Но когда спектакль был практически готов, я, конечно, шла на генеральную репетицию. И на премьеру. Хотя всегда было сложно соблюдать политес, чтобы высказать свое мнение, никого не задев…
Сестра и жена не может быть одновременно и поклонницей. Это абсолютно точно. В этом отношении мы с Гогой были похожи. Родственные отношения, когда дело касалось театра, значения не имели. Жене со мной, особенно поначалу, приходилось непросто. Он был в очень невыигрышном положении. Но оба говорили, что мое мнение для них ценно. Из всех ролей Жени лучшей я считаю, пожалуй, Монахова в «Варварах». Это была очень тонкая работа.
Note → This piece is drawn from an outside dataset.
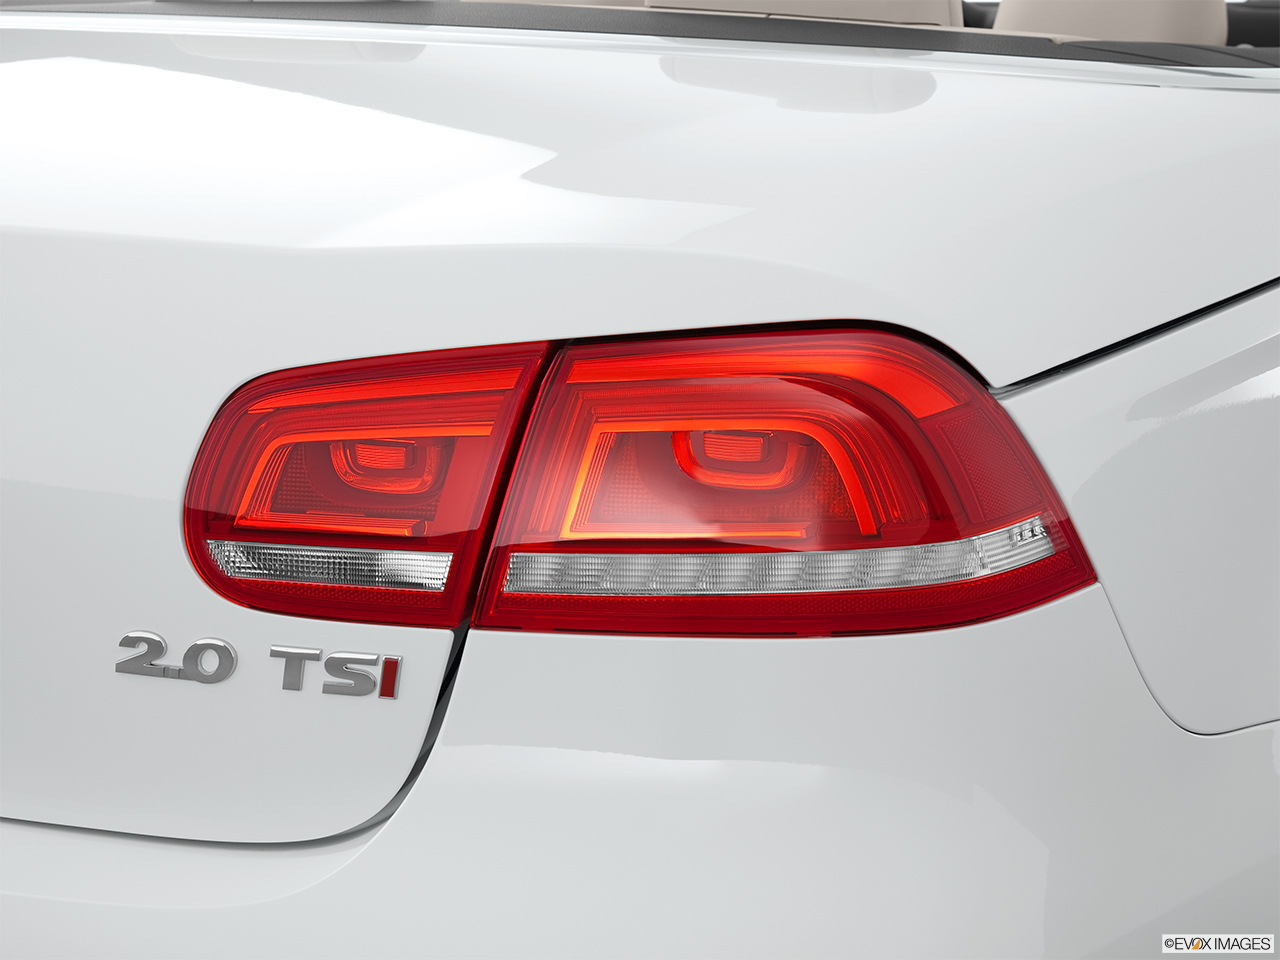 2013 Volkswagen Eos Lux Passenger Side Taillight. 
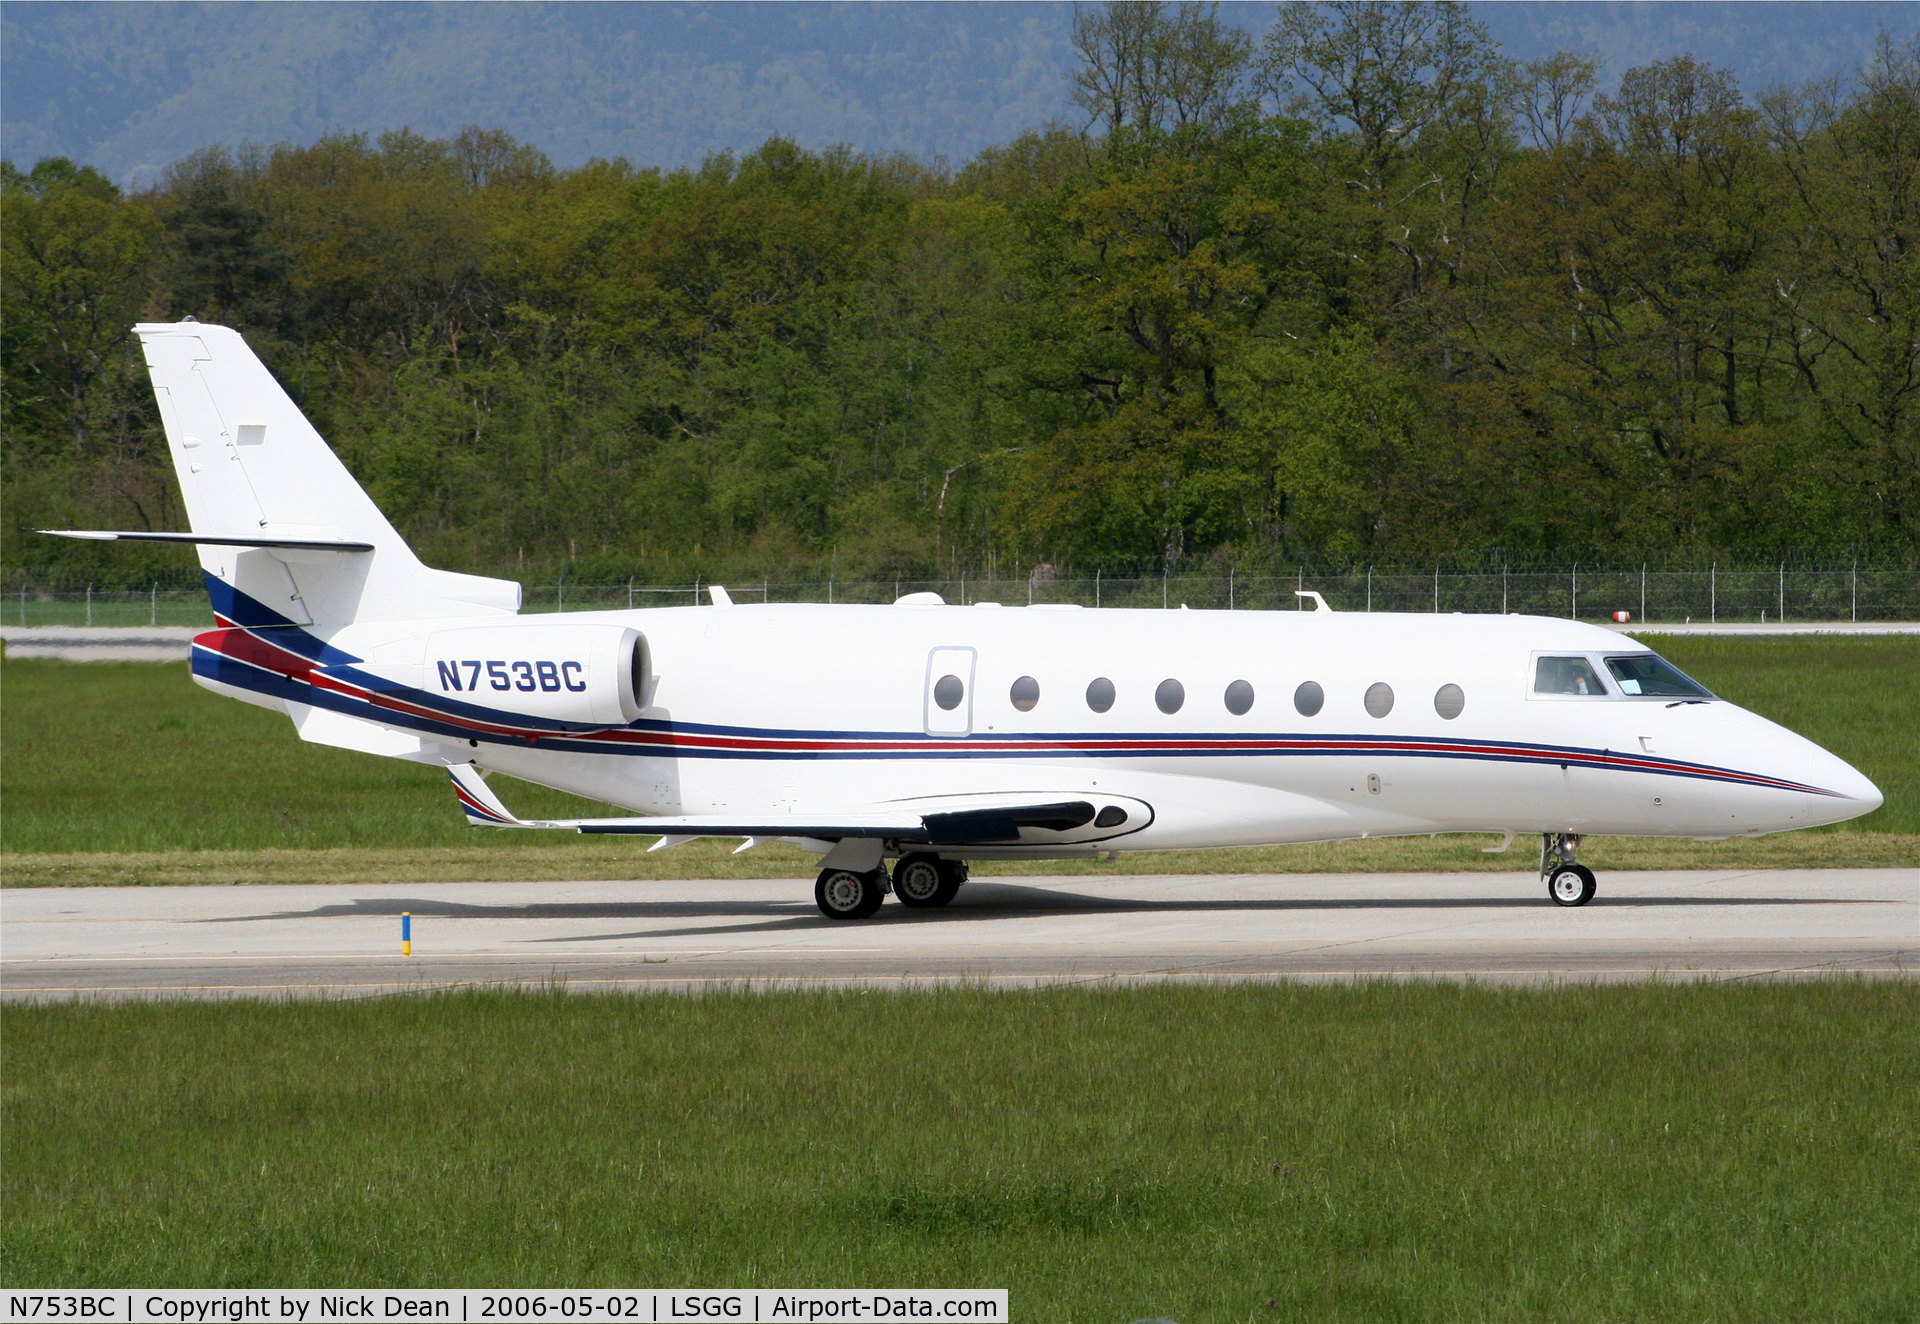 N753BC, 2001 Gulfstream Aerospace Gulfstream 200 C/N 049, LSGG

Жаль, что она, как и многие другие удачи, не сохранилась в записи…
Только раз я ошиблась. Никак не могла согласиться с выбором для постановки «Мещан», говорила: «Отстаньте от меня, не могу дочитать до конца эту пьесу. Жуткая скучища!» Но у Гоги, слава богу, уже было свое видение этой пьесы, и он ее начал ставить…
И только однажды в жизни я с Женей попыталась проявить дипломатию. Мы приехали в Париж с театром Додина, и Женю попросили заменить заболевшего Олега Борисова в роли Фирса. Он его только что сыграл в БДТ. Женя пошел на репетицию, а Лева ему говорит: этого не надо, Евгений Алексеевич, того не надо… Женя страшно рассердился, пришел в гостиницу и заявляет: мы уезжаем! Мне, конечно, сделалось страшно досадно. Но я ему спокойно говорю: «Как жаль! Ну, конечно, возраст есть возраст…» Он умолк, повисла долгая пауза. И назавтра сыграл совсем по-новому, совсем иначе…
В Жене меня всегда восхищало его умение работать над ролью, которая ему нравилась, даже если он заведомо знал, что никогда не сыграет… Других таких актеров я не встречала.
Женя пережил инсульт — тяжелейший, с потерей речи, когда ему пришлось и к жизни и в профессию возвращаться заново. Он учился ходить, двигаться, разговаривать. Однако после этого и Холстомера играл, и профессора Серебрякова, я уж не говорю о ролях, сыгранных у Додина. Но характер после болезни у него очень изменился. До этого он был очень веселый, легкий в общении. Болезнь сделала его характер более трудным. Мне очень тяжело смириться с его уходом. Смерти Евгения Алексеевича могло бы и не быть, он был очень сильным человеком, даже в свои восемьдесят… Если бы его не уговорили на абсолютно ненужную ему операцию, которую к тому же не сумели сделать, он бы сейчас еще играл в театре.